Transient assays and stable plant transformation

Protoplast isolation and transient assays were carried out as described previously (7, 63). When required, MG132 (Sigma), epoxomicin (Merck), or bortezomib (Selleckchem) (all three chemicals prepared as a 10 mM stock solution in dimethyl sulfoxide) or E-64 (Melford) (prepared as a 10 mM stock solution in water) was added to the protoplast culture medium at 15 hours after transfection, to a final concentration of 1 to 10, 1 to 10, 5, or 10 μM, respectively; subsequently, the culture was incubated for a further 2 to 3 hours before analysis. When protoplasts isolated from the CDC48-WT and CDC48-DN transgenic lines were used, 10 μM estradiol (prepared as a 10 mM stock solution in ethanol) was included in the culture medium throughout the incubation of protoplasts (either for 15 hours in the case of transfected protoplasts or for 2 days when transfection was not needed). For XFP fluorescence and IP assays, protoplast aliquots of 0.1 ml (105 protoplasts) or 1 ml (106 protoplasts) were transfected with 5 or 100 μg of DNA, respectively, and the samples were analyzed after 15 to 18 hours.

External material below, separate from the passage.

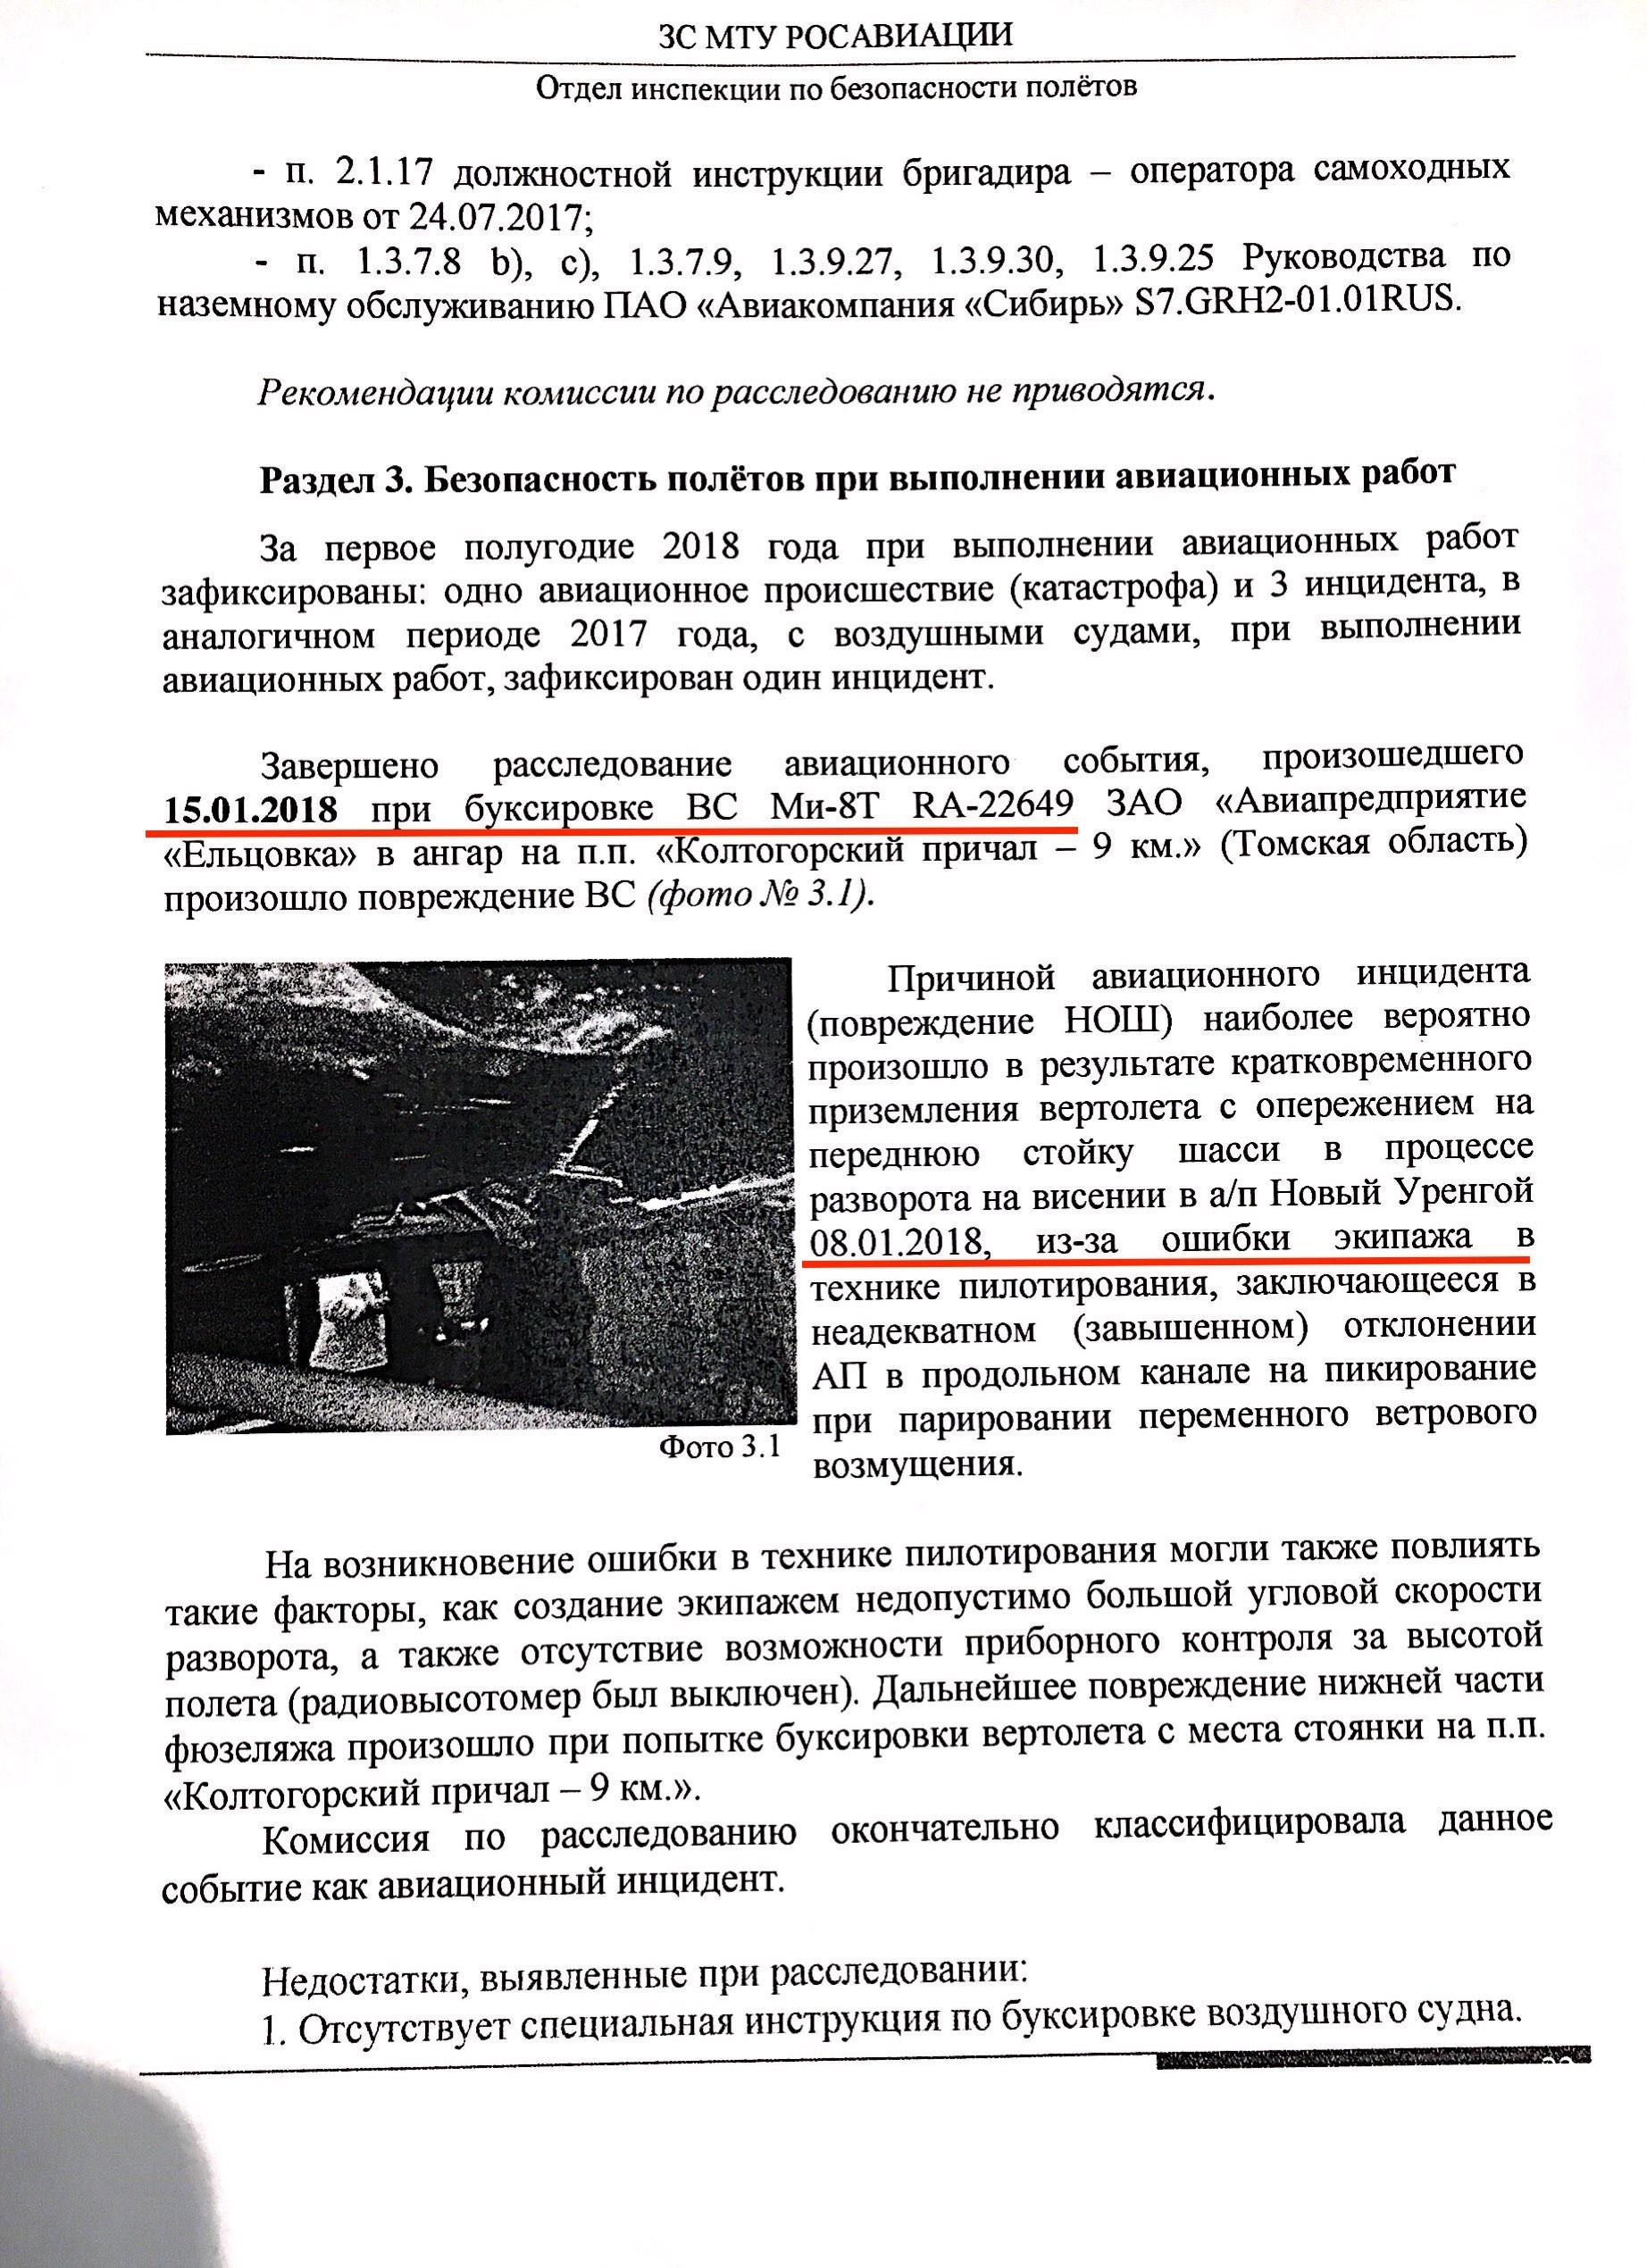 Страница из полугодового отчёта об инцидентах. Фото: © ЗС МТУ Росавиации

Transgenic lines carrying the SP2-OX, SP2-Myc, CDC48-WT, and CDC48-DN constructs were generated by Agrobacterium-mediated transformation (16, 36). Transformants were selected by using MS medium containing either phosphinothricin (for the SP2 constructs) or hygromycin B (for the CDC48 constructs). At least 12 T2 lines for each transformation were analyzed, and at least two lines with a single T-DNA insertion (which showed a 3:1 segregation on selective MS medium in the T2 generation) were chosen for further analysis.

Microscopy

Transmission electron microscopy was performed as described previously (16). Measurements were recorded by using at least 30 different plastids per genotype and were representative of three individuals per genotype. Chloroplast cross-sectional area was estimated as described previously (16, 34) by using the equation π × 0.25 × length × width. Numbers of thylakoid lamellae per granal stack and of interconnections between granal stacks were determined as previously described (7, 16) in at least 96 resolvable grana across three individuals per genotype.

All fluorescence microscopy and BiFC experiments were conducted at least twice with the same results, and typical images are presented. For the imaging of CFP, YFP, and chlorophyll fluorescence signals, in most cases (except for fig. S14) protoplasts were examined by using a Zeiss LSM 510 META laser-scanning confocal microscope (Carl Zeiss) as described previously (8). To visualize signals associated with chloroplasts without interference from cytosolic signals, protoplasts were ruptured by gently tapping the cover glass; this enabled the release of the cytosol and of intact chloroplasts. For fig. S14, fluorescence images were captured by using a Nikon Eclipse TE-2000E inverted microscope as described previously (36).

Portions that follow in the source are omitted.